Eden laughed. “No, it’s not.”
“I don’t need anything.” Jos blinked hard. Furiously. She was afraid to let the tears fall. Afraid that if she did, that old adage about never stopping would come true. She didn’t like to be a cliché.
“You can cry if you want.” Eden, as always, saw past everything Jos was trying to hide. She reached out, her fingers skating along the back of one of Jos’ curled fists. She eased her hand open, eased it into hers, then led Jos, who was still blinded by the tears she was trying to hold back, into a plain living room.
The carpet was old, and the walls were white, but the couch was an expensive leather sectional. Probably Italian. Jos liked furniture. She knew good furniture. Eden had apparently not been able to leave all the trappings of her old life behind, but that was probably her parents’ insisting. She imagined Eden rolling her eyes. Smiling, laughing, tossing her hair in a sassy way, then relenting because it made her mom and dad feel better and she didn’t want them to worry, because while she wanted to live her own life, she loved them fiercely.
That was the only kind of way that people like Eden loved.
I want that. I want to be worthy of that.
Jos hit the couch hard. It was equally as hard as her momentum. It wasn’t at all comfortable. Eden sunk down with grace beside her. She didn’t release her hand. Jos stared at the wall, at a TV stand and a huge TV that was paused on a romantic comedy. A cheesy one. One of the worst.
“You like this?”
Eden snorted. “Believe it or not, it’s my favorite.”

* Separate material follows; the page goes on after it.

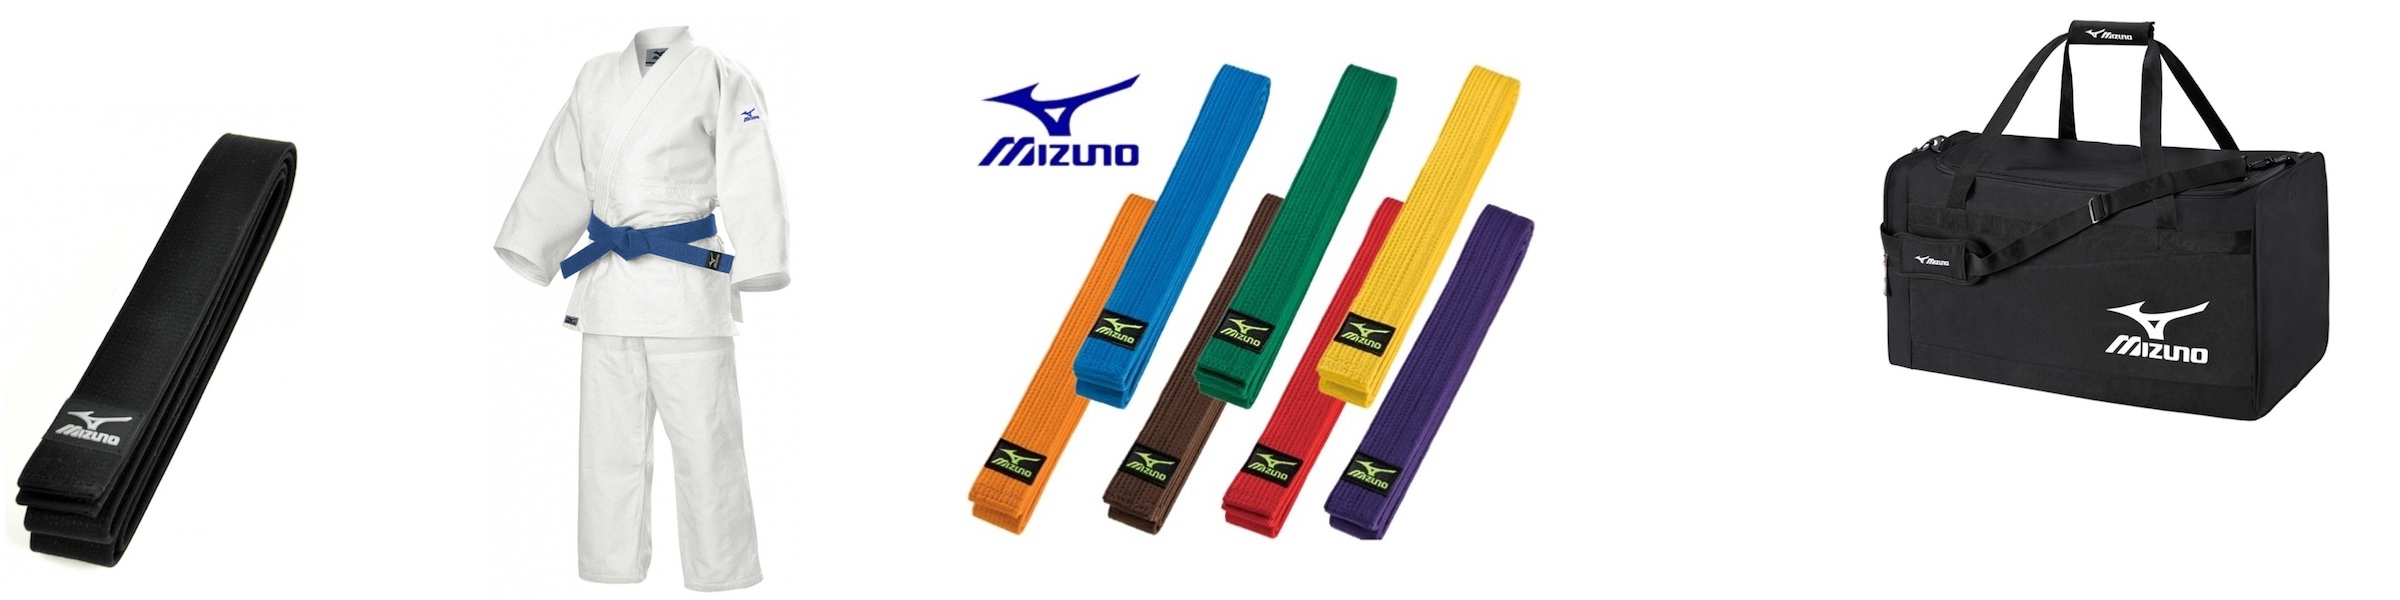 4fae64e86e Mizuno kimono, Judogi, Judo, équipement arts martiaux adidas & sport de  combat
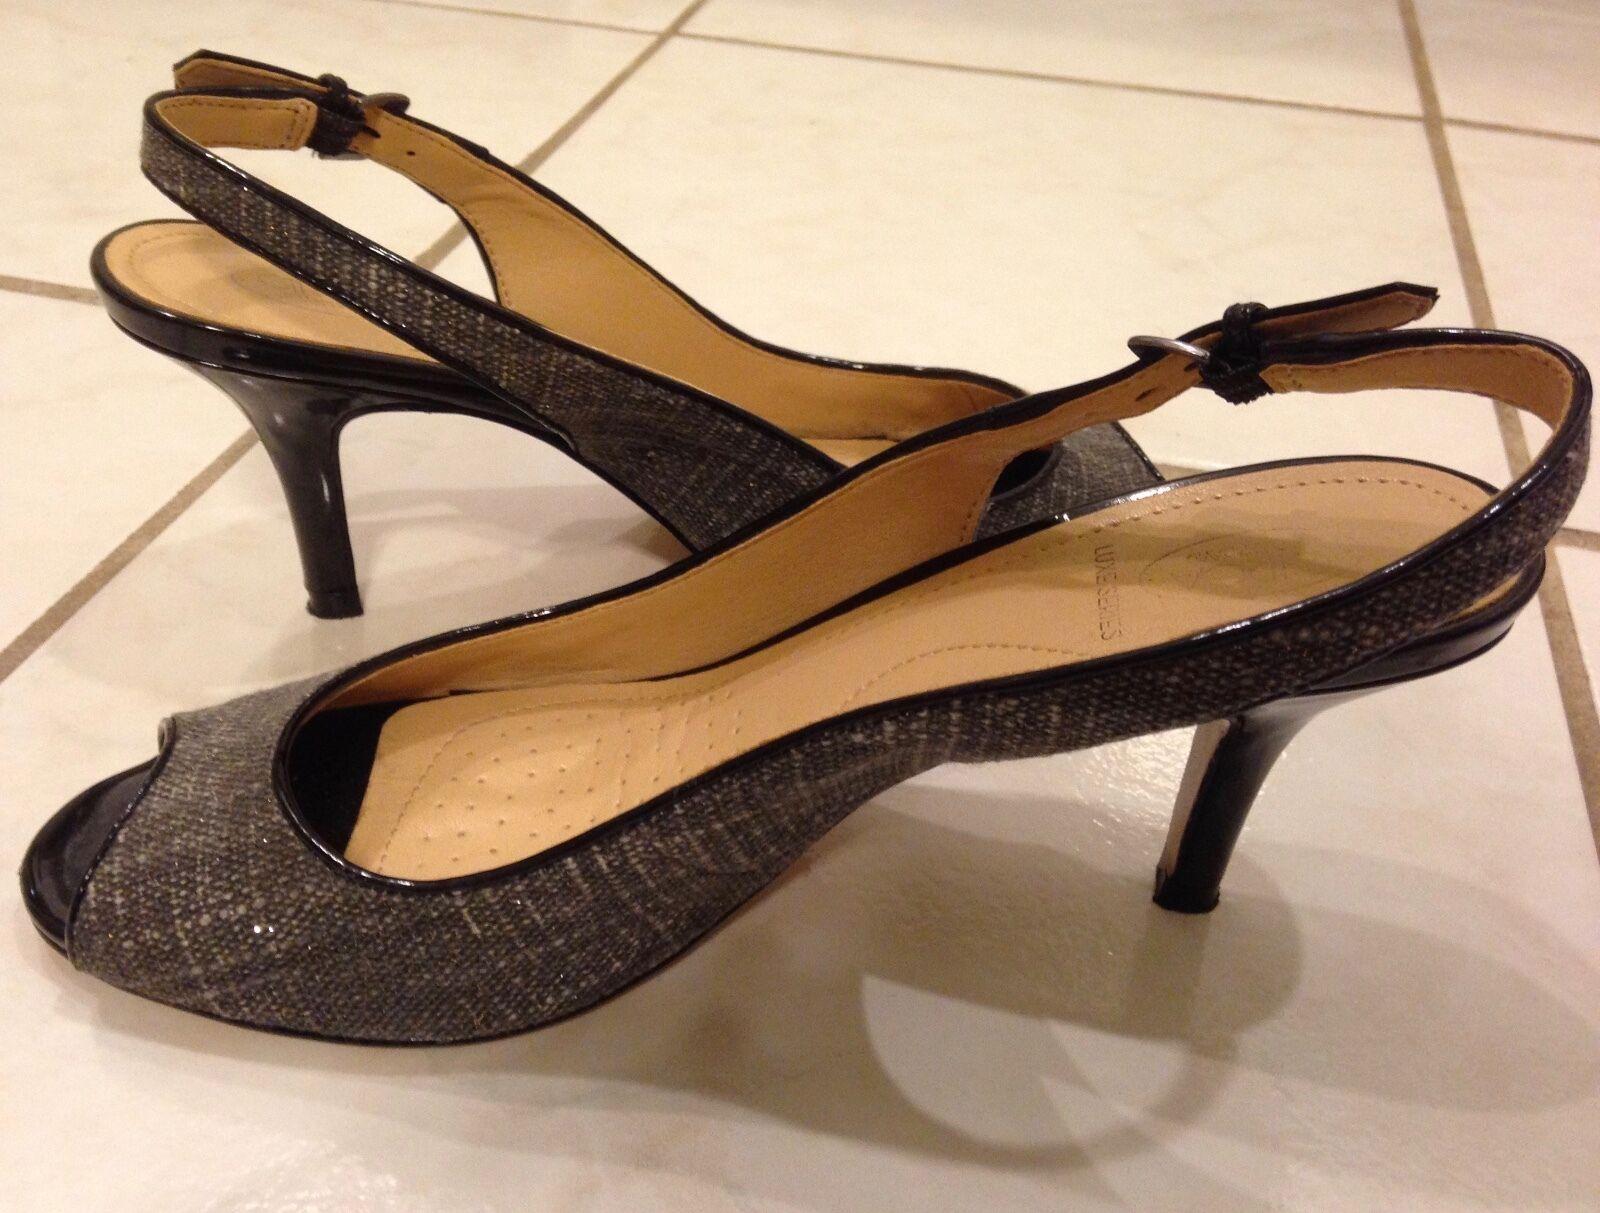 Circa Series Joan & David Luxe Series Circa size 7M dark grey fabric 3 inch slingback heels d71cd5

Of course it was. Because Eden was a normal person with normal emotions. She knew how to care. She knew how to live. She wasn’t damaged from childhood on. She had passions that she chased. She had enough sass to fill up the entire world, but she could be soft and gentle and nurturing. She deserved so much better than what Jos knew she could ever offer.
“Stop,” Eden commanded firmly. She tapped Jos’ chin, turning her to face her. “Stop thinking so much. You’re obviously upset, because your emotions are showing all over your face. I can read every single one of them. You came to talk. You came to tell me something. So, say it. I want to hear it. I want to know why you’re here.”
Her words might have been harsh and demanding and unyielding, but it was what Jos needed. Someone to tell her the truth. Always, always the truth.
“It might sound incredibly stupid,” Jos said. Because I was the one to chase you away and tell you no and keep you at bay. “But I missed you.”
She took a shaky breath. The tears were doing more than threatening. They were quickly becoming a reality she had no hope of controlling. Through the shine, she could see Eden’s face. Swimming, but still beautiful. She watched the pulse thrum at the side of her throat. She watched her lips part and her eyes kept on shining with so much tenderness.
“That’s not stupid. Not at all. I missed you as well.”
“But we work together. We see each other all the time.”
“That’s not the same.”
“No, it’s not.” Jos lowered her eyes. “I wanted to tell you that I’m sorry. I shouldn’t have lied to you. I should have just told you abou
t the contract extension. You know now that my job is the one thing I’ve clung to all these years, and I knew you wouldn’t take the offer if I told you that I was going to benefit from it.”